Purgatory is in, Chocolate Factory out in new maps

The geography of Colorado’s enterprise zone tax credits is changing for 2016.

The shifting boundaries mean some businesses will be newly eligible for the tax credits, while other businesses will no longer be able to use them.

For example, Rocky Mountain Chocolate Factory and Ska Brewing Co. will no longer be eligible for the tax credits. In fact, all of Bodo Industrial Park is now ineligible. Same with any business on downtown Main Avenue.

Yet, other businesses are now part of the enterprise zones that were not before. Purgatory Resort, for one, is now part of an enterprise zone. The ski area could receive a 3-percent tax credit on that new Lift 8.

The tax credits are meant to encourage business activity in areas that need it. All of San Juan, Montezuma and Dolores counties are enterprise zones.

In La Plata and Archuleta counties, the picture is more complicated. Those counties did not meet the criteria to be included, so state officials drilled down to the U.S. Census tracts. Some parts of the counties will be within enterprise zones in 2016, but some will not.
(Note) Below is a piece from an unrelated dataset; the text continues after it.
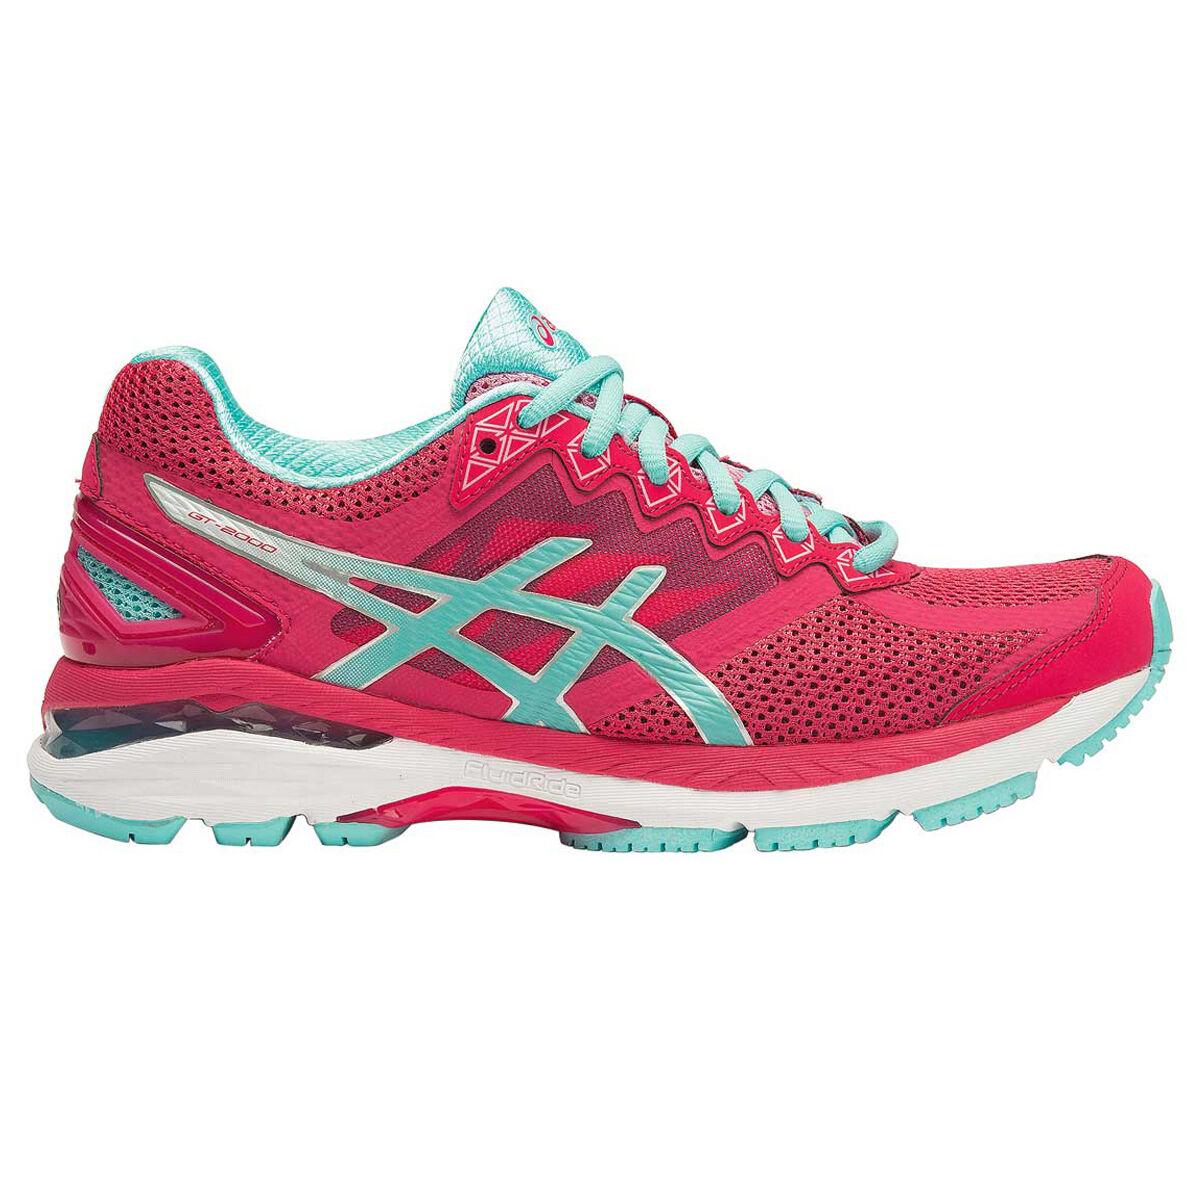 bc464a77b843 ebay asics running shoes pink blue 722fb 87d39

Some 200 businesses in Durango will lose eligibility for the tax credits in 2016, said Laura Lewis Marchino, assistant director of the Region 9 Economic Development District of Southwest Colorado.

“A lot of Durango is changing,” she said.
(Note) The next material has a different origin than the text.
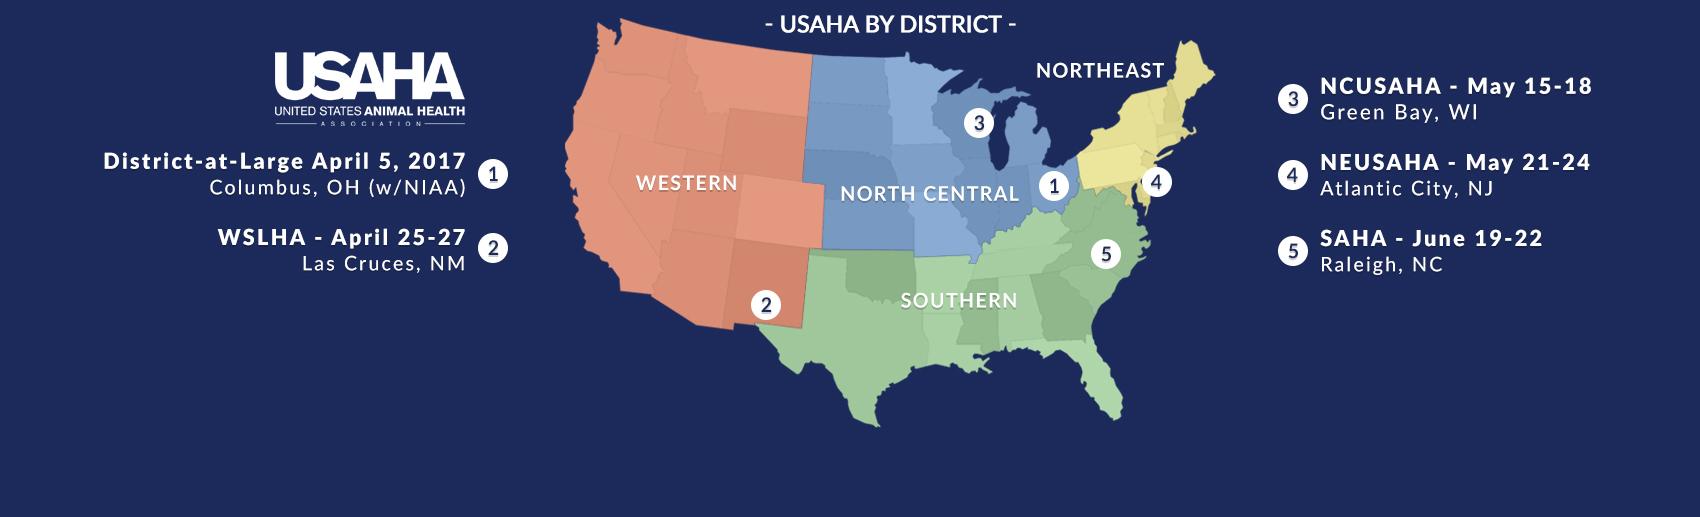 USAHA District Meetings

Dave Thibodeau, president of Ska Brewing Co., said the end of the tax credits will impact the local-craft brewery.

“We have used the Enterprise Zone tax credits in the past few years, with our biggest benefit being on the purchase of new equipment,” he said in an email. “However, we can accelerate depreciation on a portion of the cost of new equipment (according to §179 of the Internal Revenue Code), so we do that first and then the Enterprise Zone credit kicks in after. That said, it does still have a substantial impact on our bottom line and would even more so should S-179 not pass next year.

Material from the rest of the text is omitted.